The Web API runs on my local machine as Self Hosted x86 application.The whole application ends in less than 30s.The most time consuming part is the Async POST part (about 25s).The Web API takes only one address for each post, otherwise I'd have sent multiple addresses in one request.

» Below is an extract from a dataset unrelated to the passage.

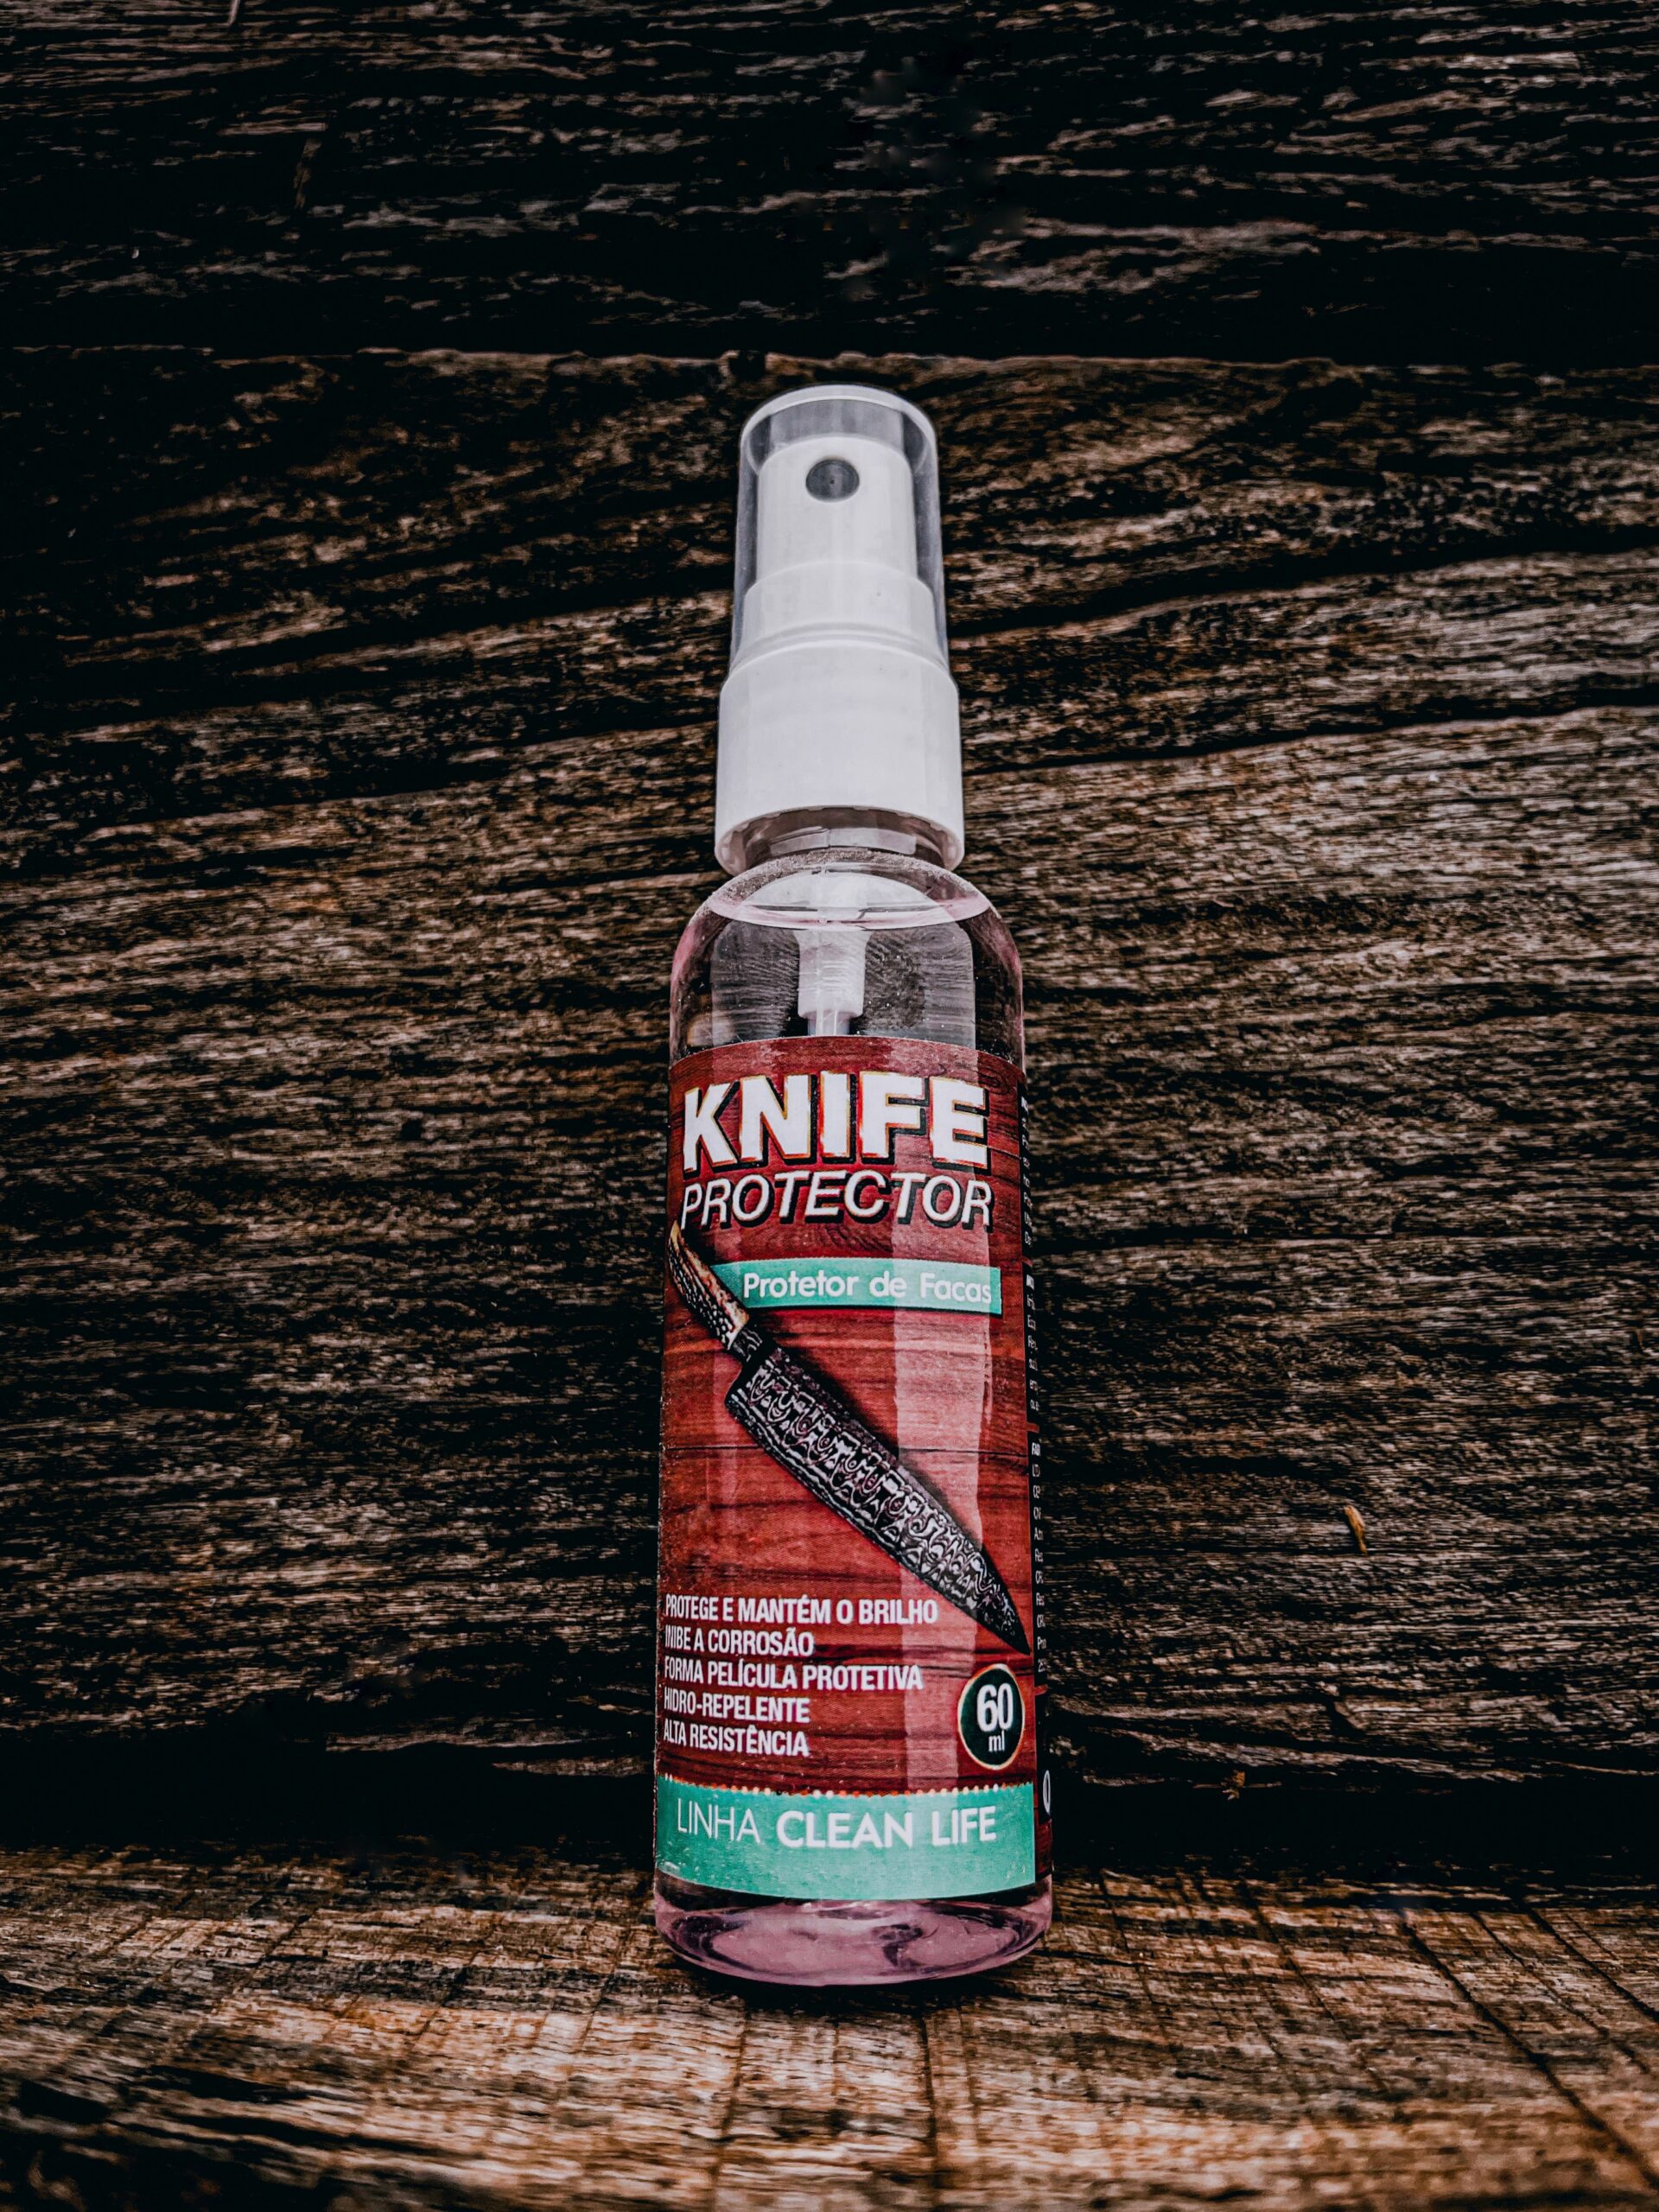 Knife Protector – Protetor de Facas
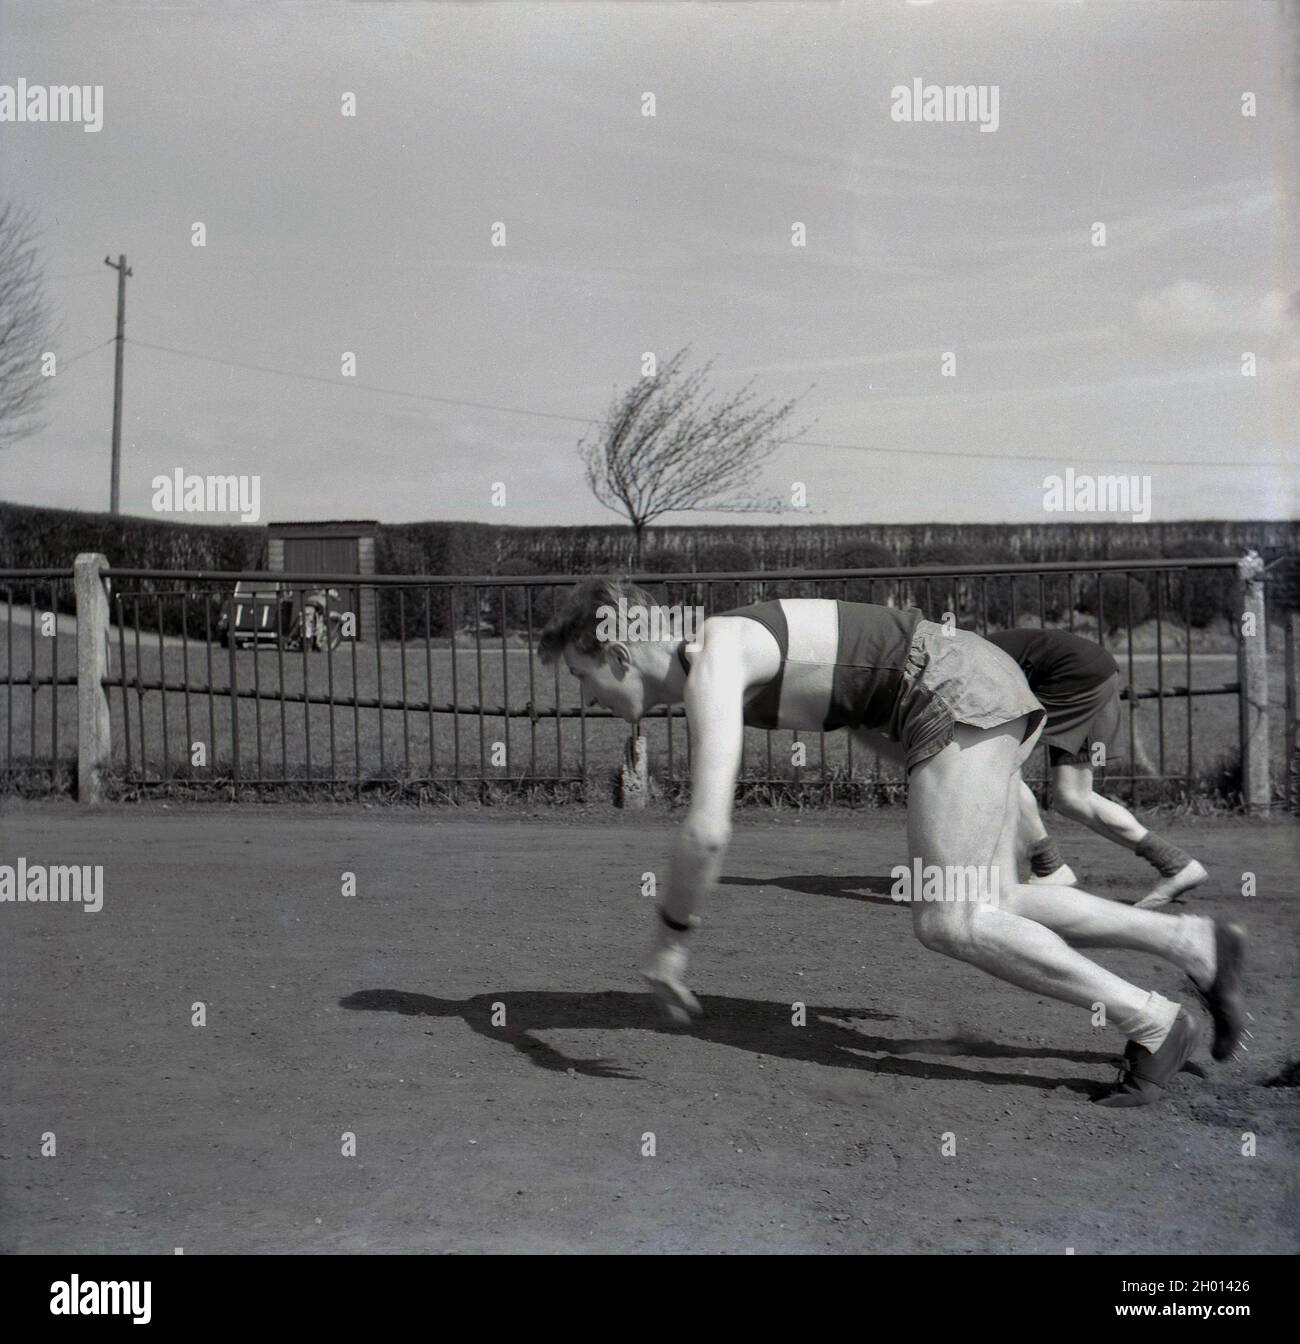 1960, historisch, draußen auf einem Seitengrasgelände an einem Zaun auf einem Sportplatz, ein junger erwachsener männlicher Athlet in Weste, kurz- und Sportschuhen, möglicherweise ein Sprinter, in einer hockigen Position, der seinen Start praktiziert, England, Großbritannien. Stockfoto

关于如何针对 Web API 提高请求性能的任何想法?
Any ideas on how to improve performance of the request against the Web API?
推荐答案
批处理方法的一个潜在问题是单个延迟响应可能会延迟整个批处理的完成.这可能不是实际问题,因为您正在调用的 Web 服务可能具有非常一致的响应时间,但在任何情况下,您都可以尝试另一种方法,允许在不使用批处理的情况下控制并发性.下面的示例使用 TPL 数据流 库,它内置于 .NET Core 平台中,可用作 用于 .NET Framework 的包:
A potential problem of your batching approach is that a single delayed response may delay the completion of a whole batch. It may not be an actual problem because the web service you are calling may have very consistent response times, but in any case you could try an alternative approach that allows controlling the concurrency without the use of batching. The example bellow uses the TPL Dataflow library, which is built-in the .NET Core platform and available as a package for .NET Framework:
public static async Task<List<GeoJSON>> GetAddressesInParallel(List<GeoJSON> geos)
{
var block = new ActionBlock<GeoJSON>(async item =>
{
await SendPOSTAsync(item);
}, new ExecutionDataflowBlockOptions()
{
MaxDegreeOfParallelism = 1000
});
foreach (var item in geos)
{
await block.SendAsync(item);
}
block.Complete();
await block.Completion;
return geos;
}
您的 SendPOSTAsync
方法只返回作为参数接收的相同 GeoJSON
,因此 GetAddressesInParallel
也可以返回相同的 List
作为参数接收.
Your SendPOSTAsync
method just returns the same GeoJSON
that receives as argument, so the GetAddressesInParallel
can also return the same List<GeoJSON>
that receives as argument.
ActionBlock
是库中可用的最简单的块.它只是为每个项目执行同步或异步操作,允许在其他选项中配置 MaxDegreeOfParallelism
.您还可以尝试将您的工作流程拆分为多个块,然后将它们链接在一起以形成一个管道.例如:
The ActionBlock
is the simplest of the blocks available in the library. It just executes a sync or async action for every item, allowing the configuration of the MaxDegreeOfParallelism
among other options. You could also try splitting your workflow in multiple blocks, and then link them together to form a pipeline. For example:
TransformBlock
将GeoJSON
对象序列化为 JSON.TransformBlock
发出 HTTP 请求.ActionBlock
反序列化 HTTP 响应并使用接收到的值更新GeoJSON
对象.
TransformBlock<GeoJSON, (GeoJSON, string)>
that serializes theGeoJSON
objects to JSON.TransformBlock<(GeoJSON, string), (GeoJSON, string)>
that makes the HTTP requests.ActionBlock<(GeoJSON, string)>
that deserializes the HTTP responses and updates theGeoJSON
objects with the received values.
这样的安排将允许您微调每个块的MaxDegreeOfParallelism
,并有望达到最佳性能.
Such an arrangement would allow you to fine-tune the MaxDegreeOfParallelism
of each block, and hopefully achieve the optimal performance.
这篇关于使用 C# HttpClient 提高 Async Post 的性能的文章就介绍到这了,希望我们推荐的答案对大家有所帮助,也希望大家多多支持!